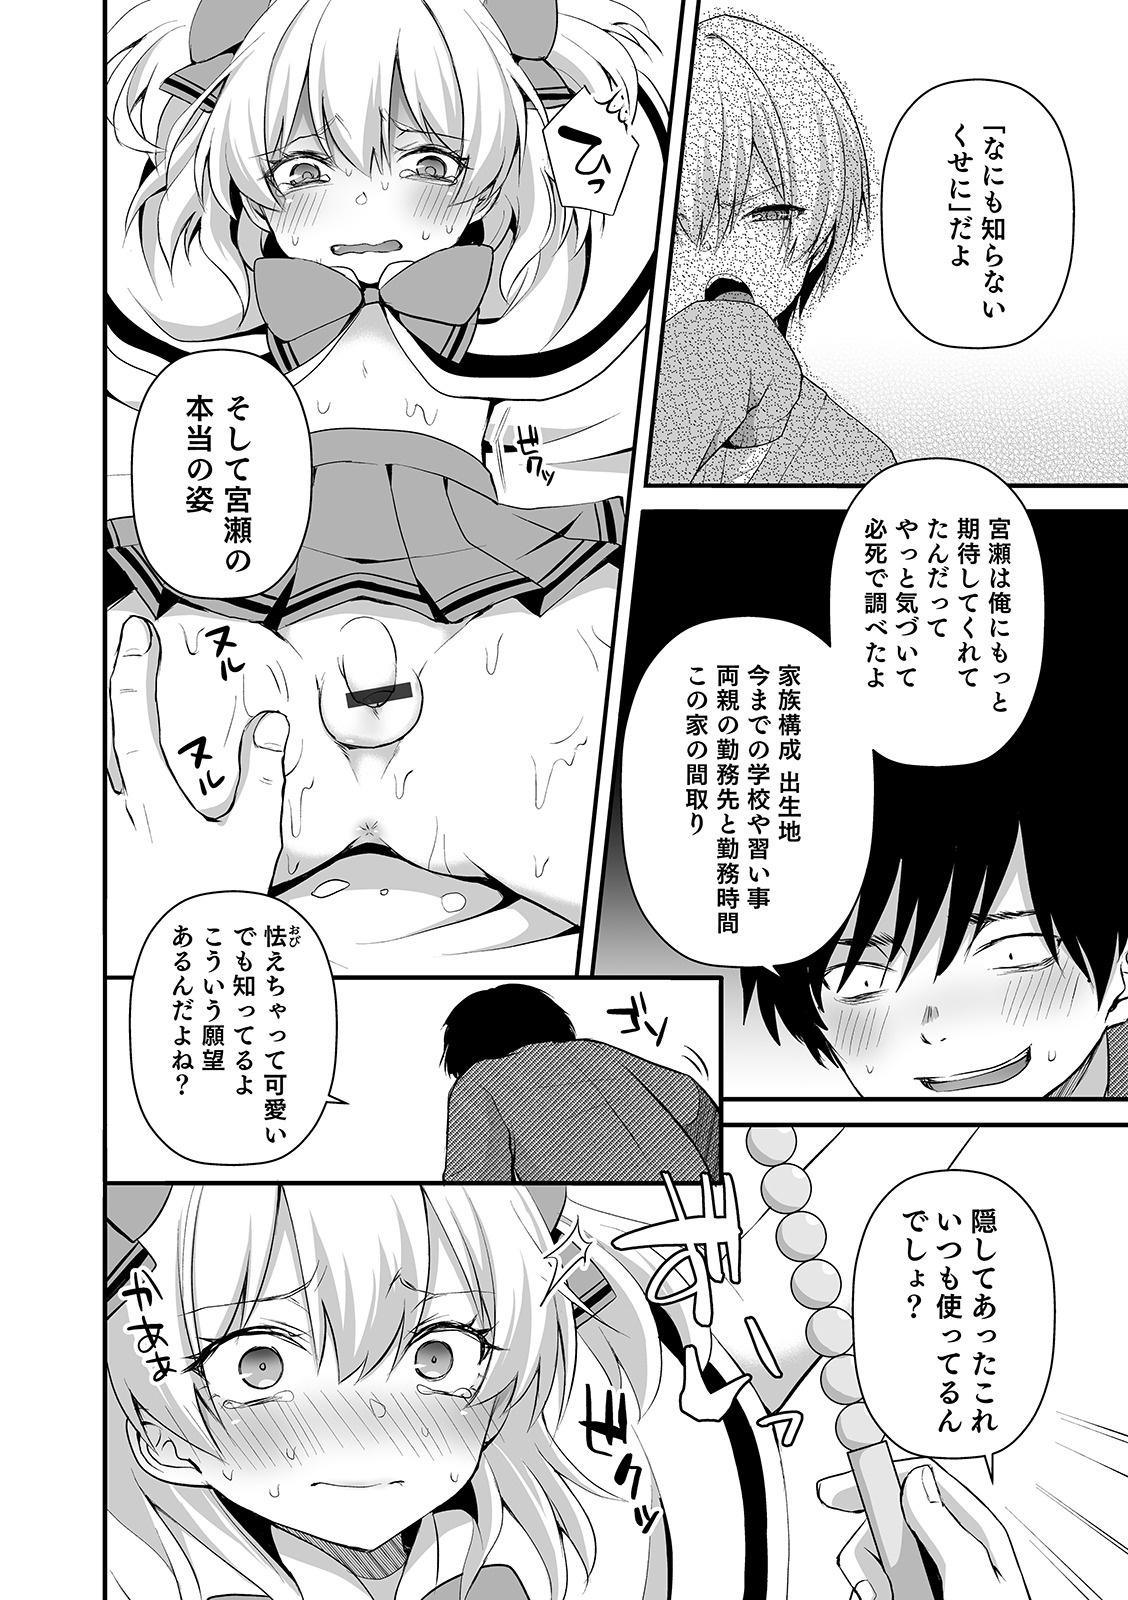 Licking Pussy Otokonoko Heaven's Door 10 Cut - Page 8
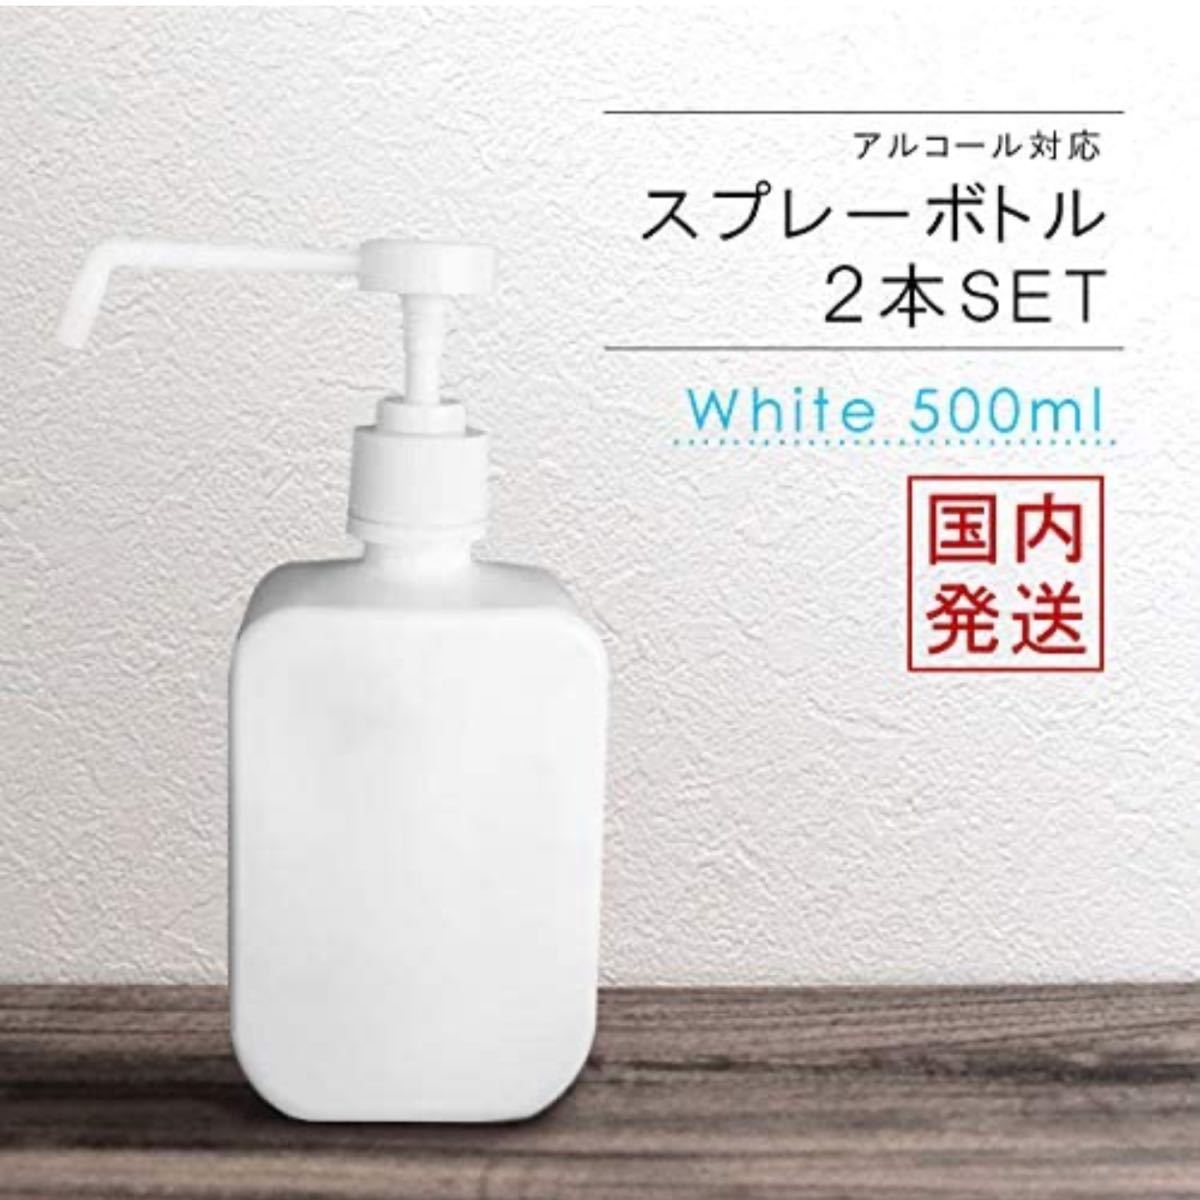 スプレーボトル 500ml 2本セット ホワイト アルコール対応 ポンプ スプレー 遮光 
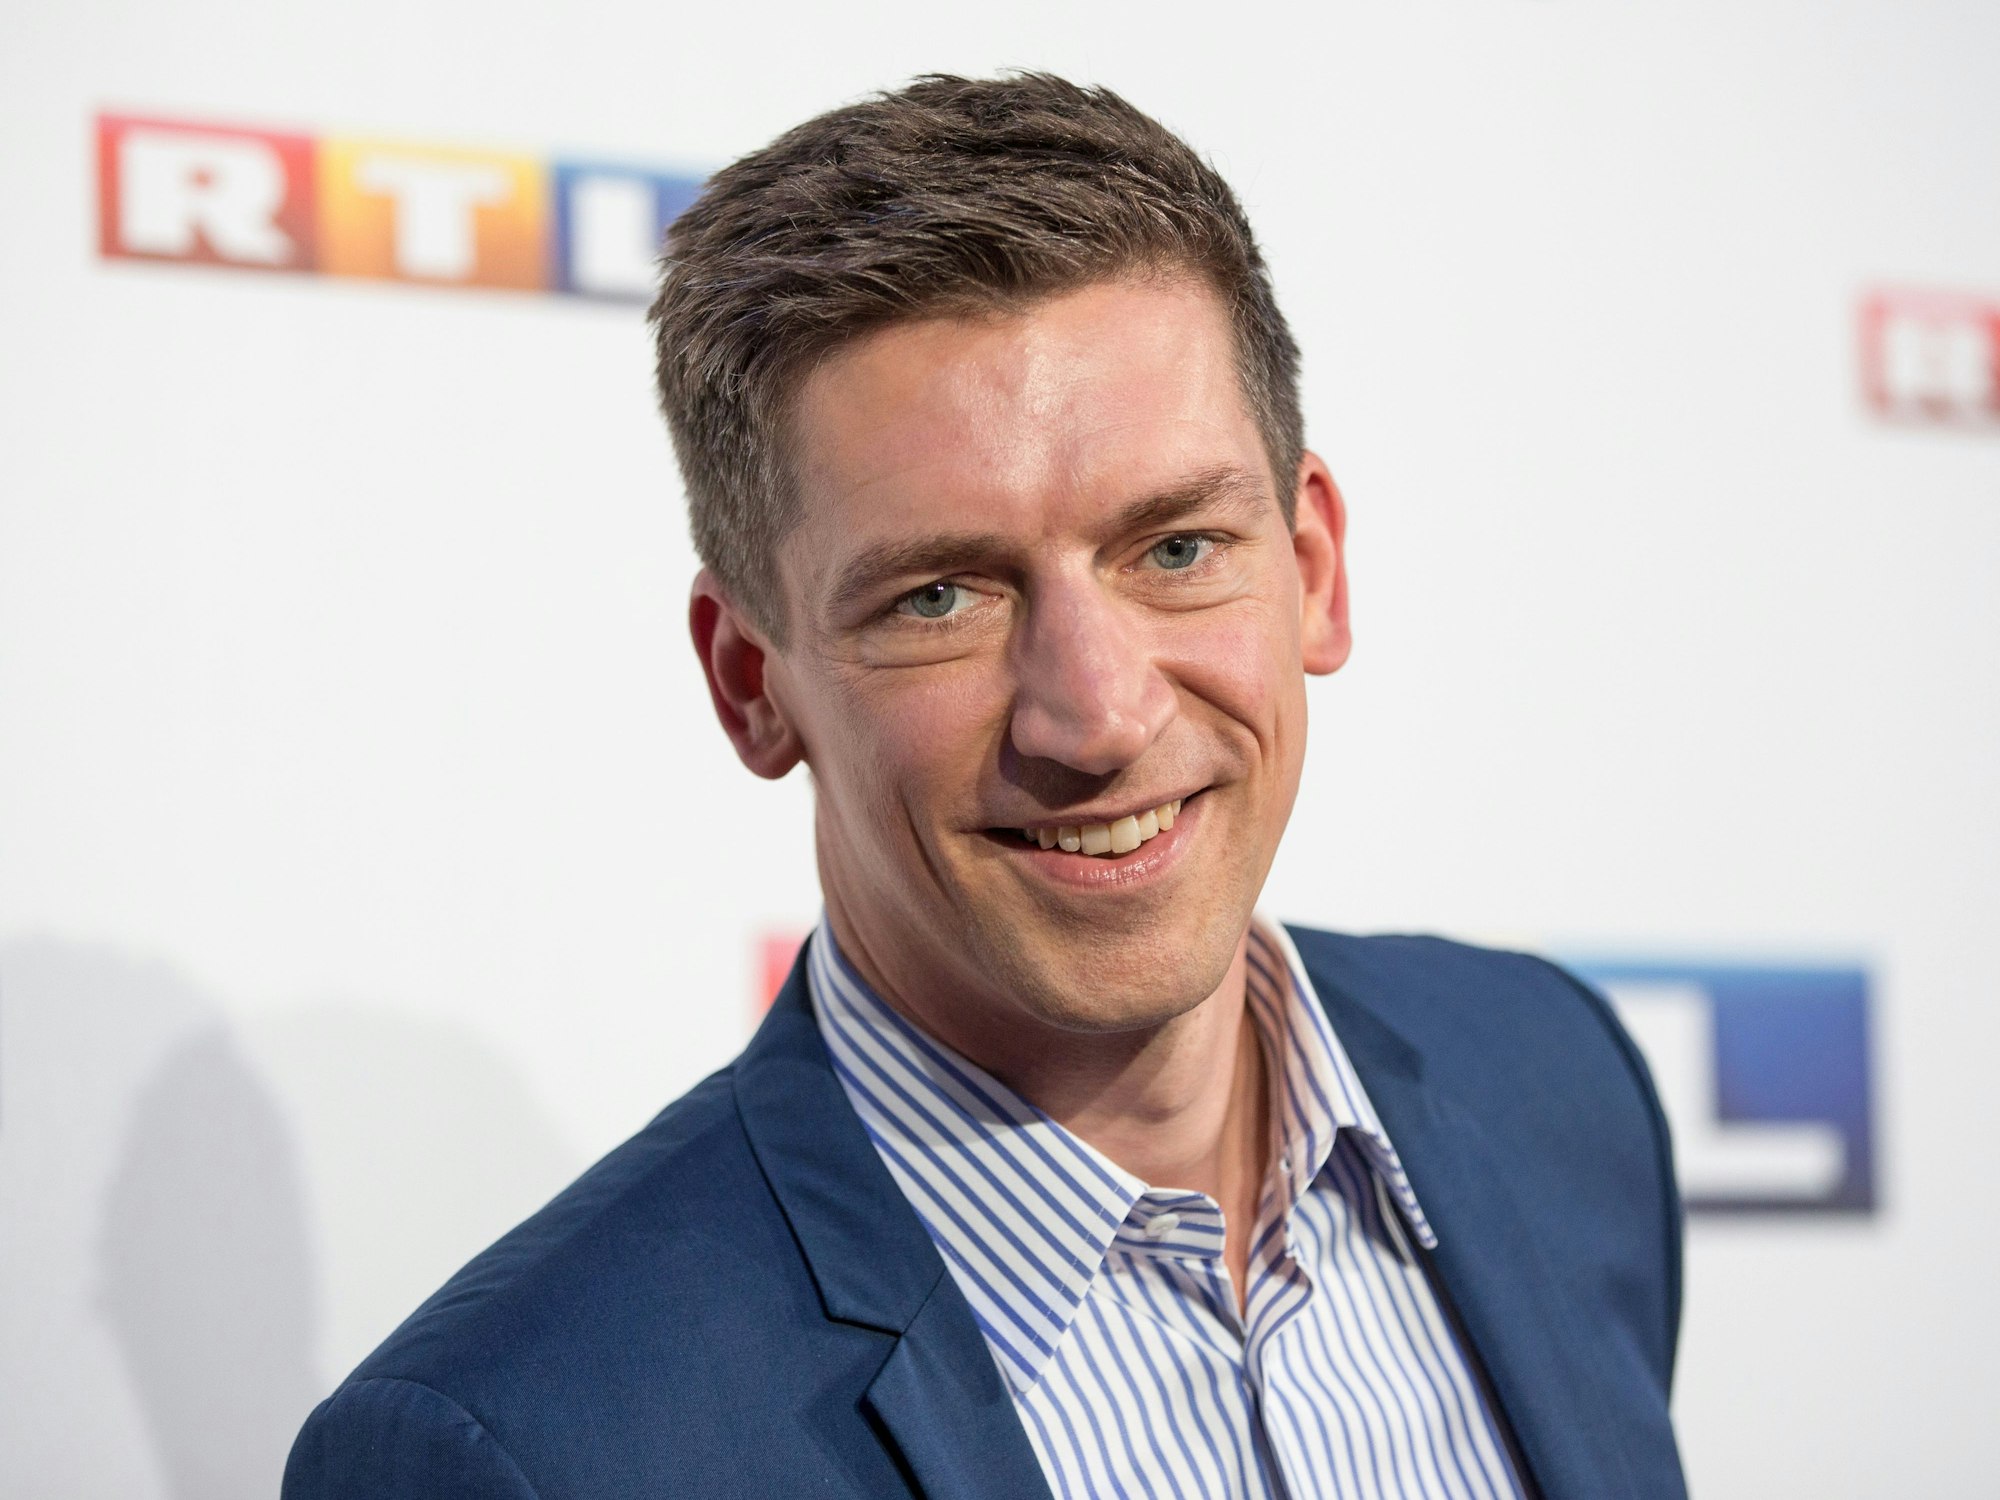 Der Moderator Steffen Hallaschka posiert am 30. August 2016 in Hamburg bei der RTL-Programm-Präsentation 2016/17.

Task goal :: The data above must be given again in full and unaltered, minus its images.

Answer to the problem ::
 Licking Pussy Otokonoko Heaven's Door 10 Cut - Page 8
 スプレーボトル 500ml 2本セット ホワイト アルコール対応 ポンプ スプレー 遮光 
 Der Moderator Steffen Hallaschka posiert am 30. August 2016 in Hamburg bei der RTL-Programm-Präsentation 2016/17.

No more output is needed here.